● **What you should do**
With the images removed, return every line below exactly as it reads.

[[ Data section open ]]

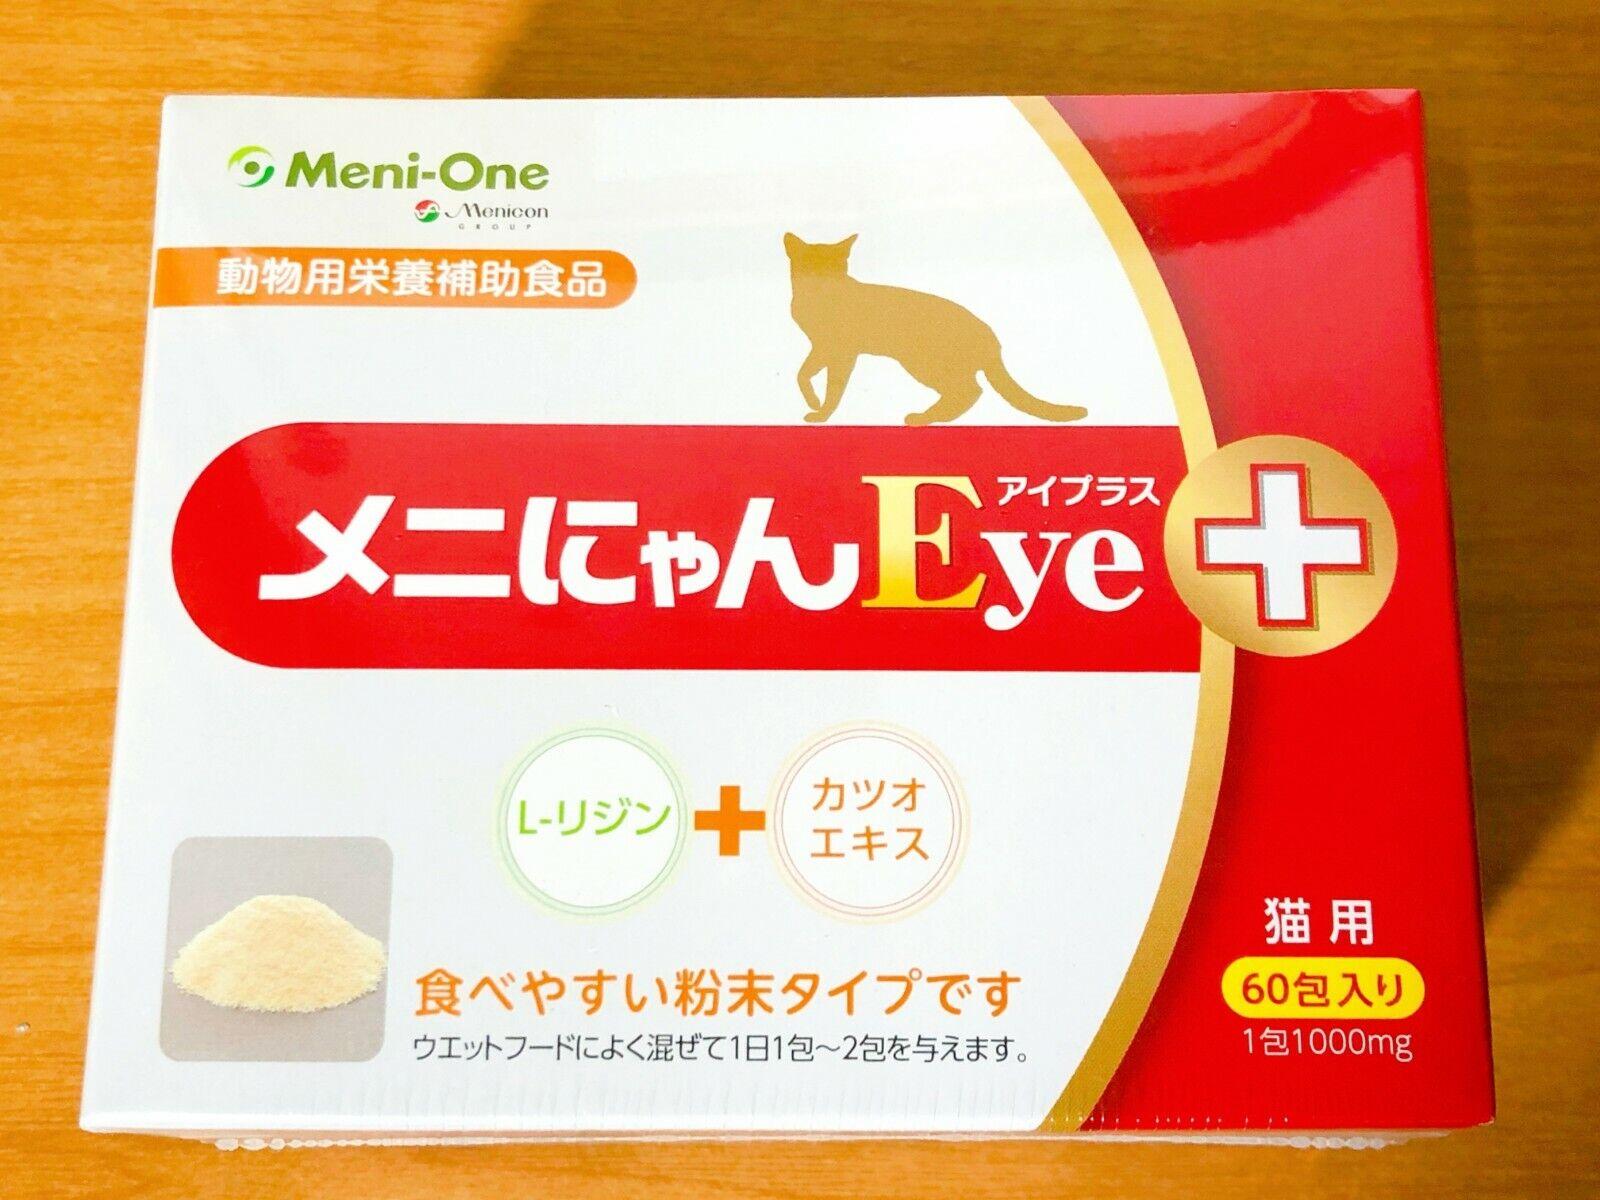 Meni Nyan Eye Plus Cats Supplement 1000mg x 60pcs Meni One Japan
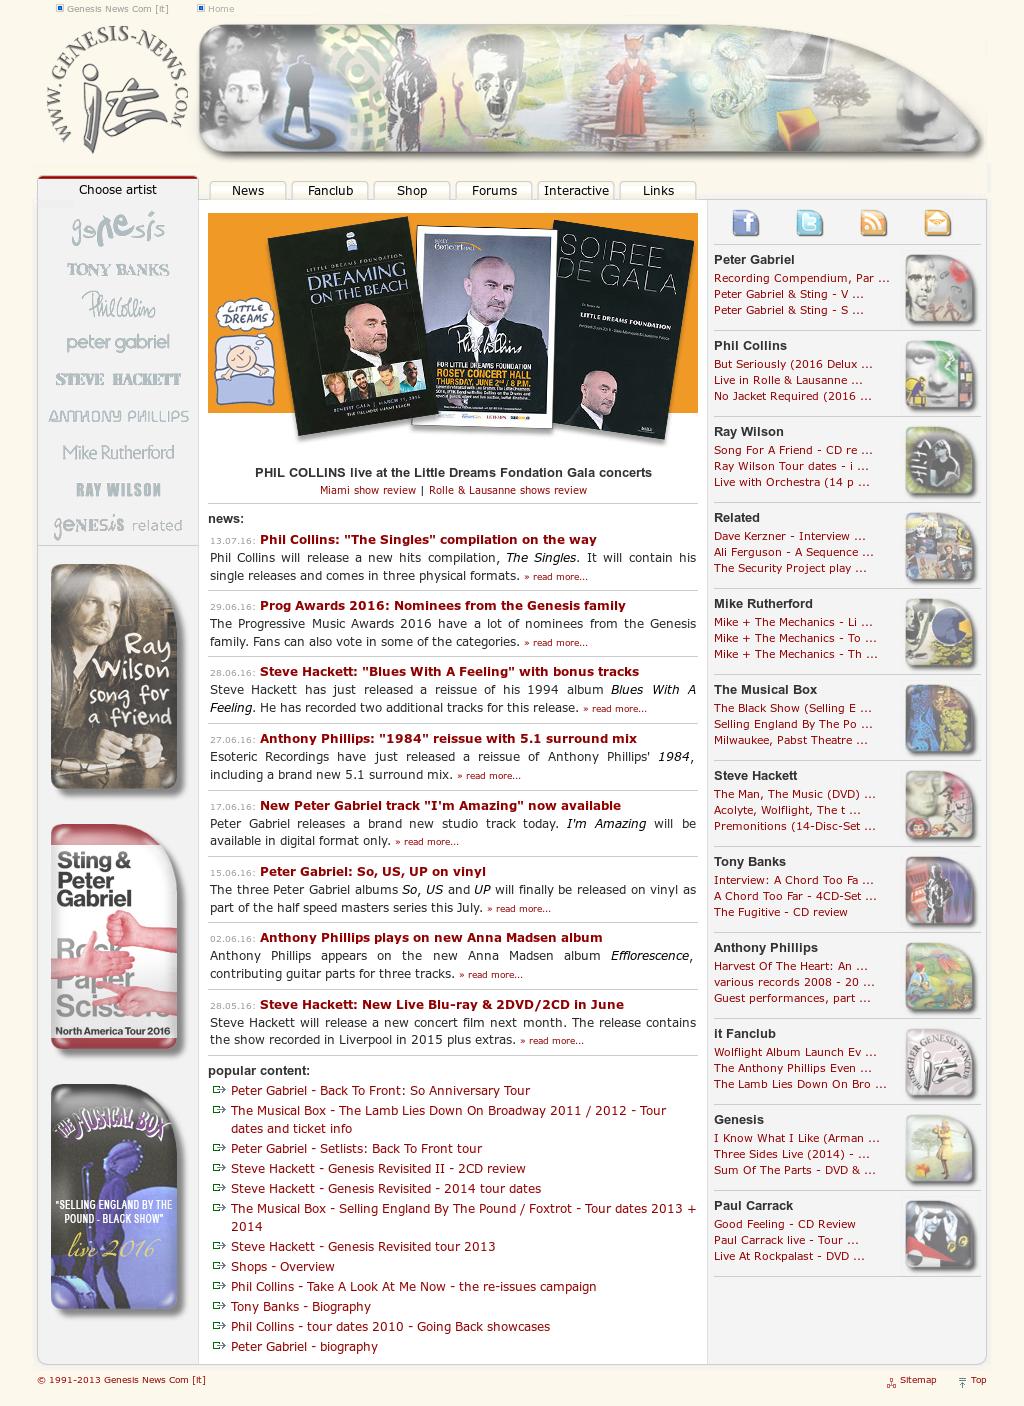 Genesis News Com Competitors, Revenue and Employees - Owler
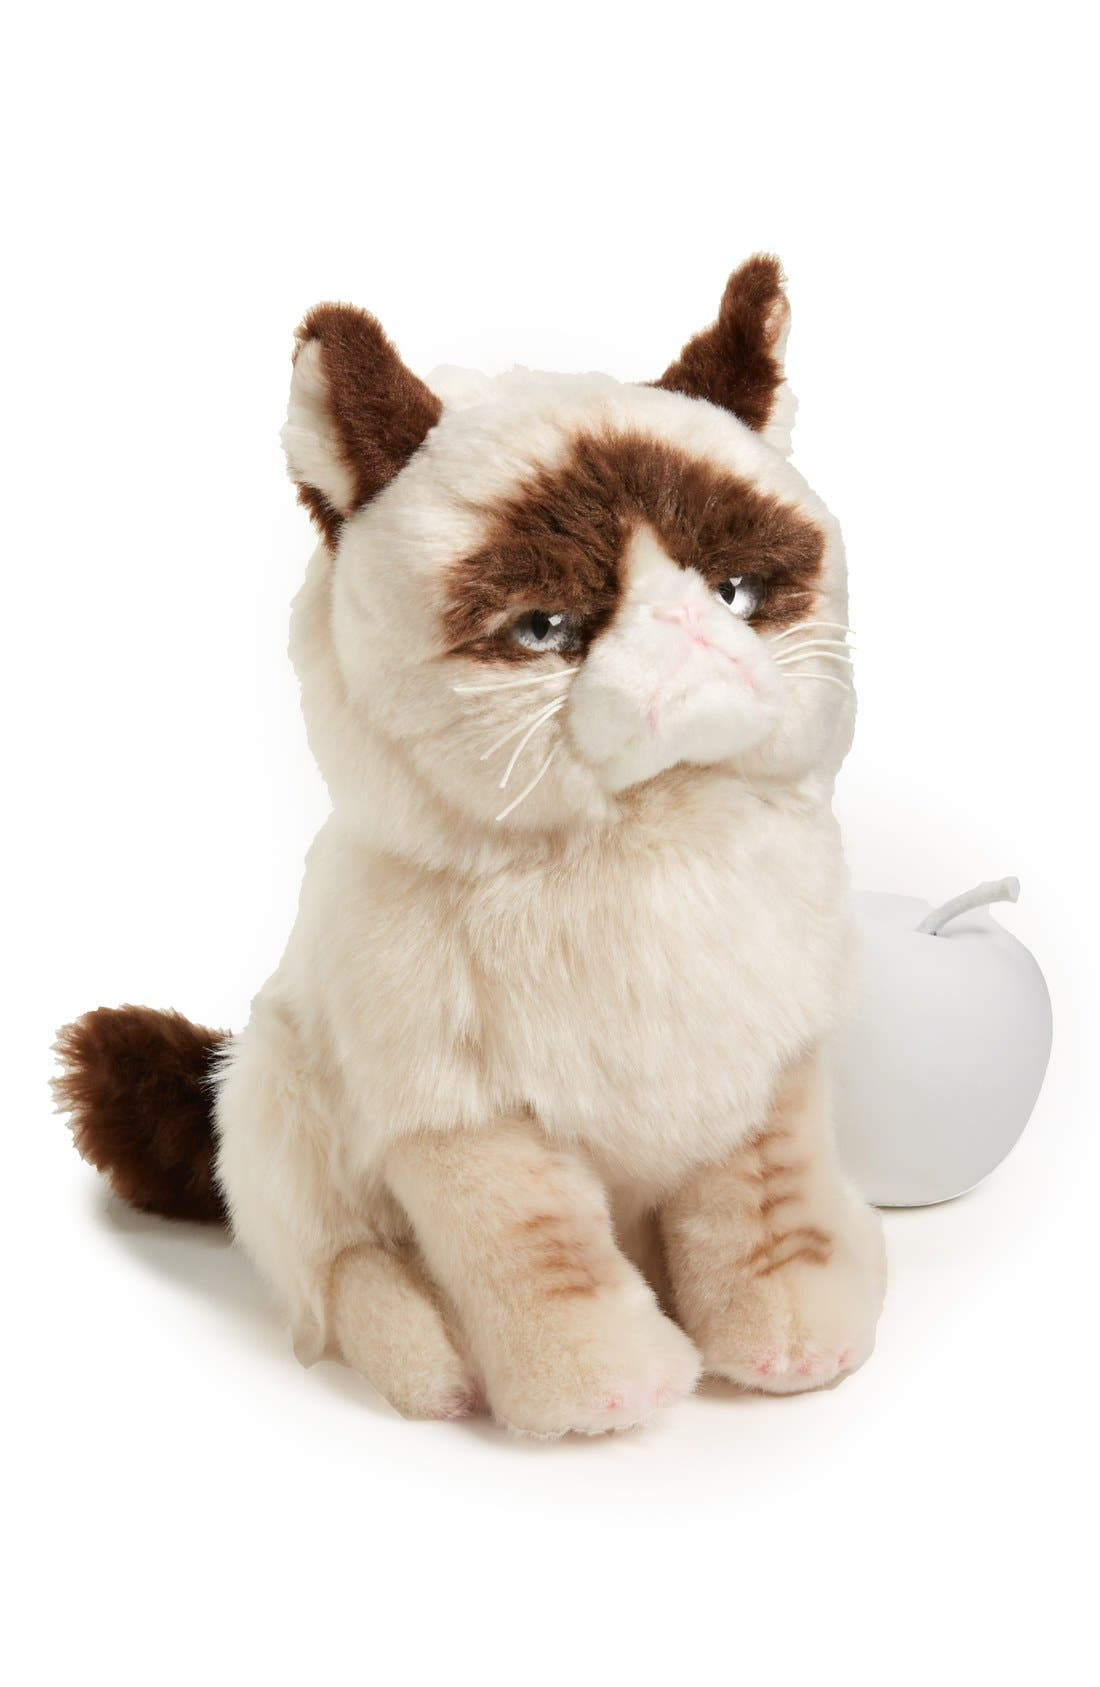 Alternate Image 1 Selected - Gund 'Grumpy Cat' Stuffed Animal
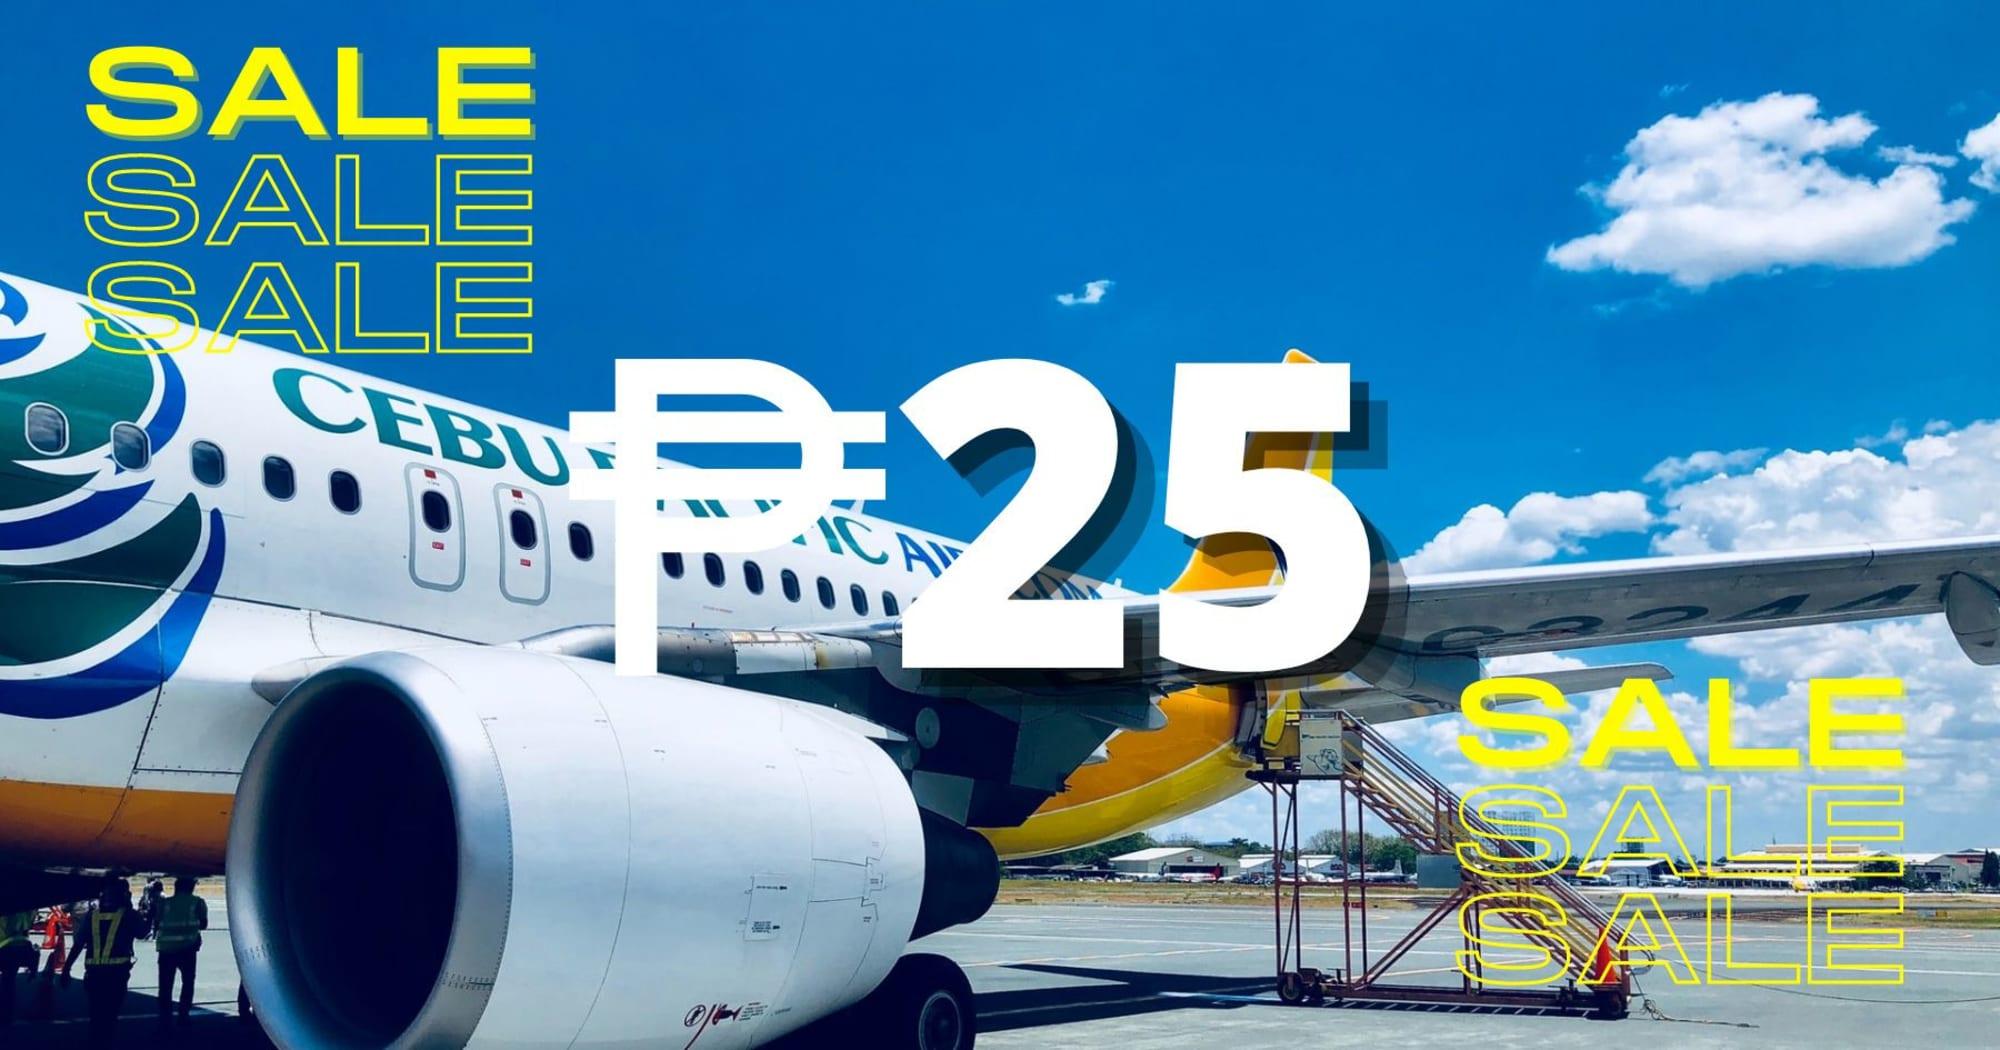 Cebu Pacific announces P25 sale for its 25 anniversary

[[ Data section closed ]]

● **Written answer**
 Meni Nyan Eye Plus Cats Supplement 1000mg x 60pcs Meni One Japan
 Genesis News Com Competitors, Revenue and Employees - Owler
 Alternate Image 1 Selected - Gund 'Grumpy Cat' Stuffed Animal
 Cebu Pacific announces P25 sale for its 25 anniversary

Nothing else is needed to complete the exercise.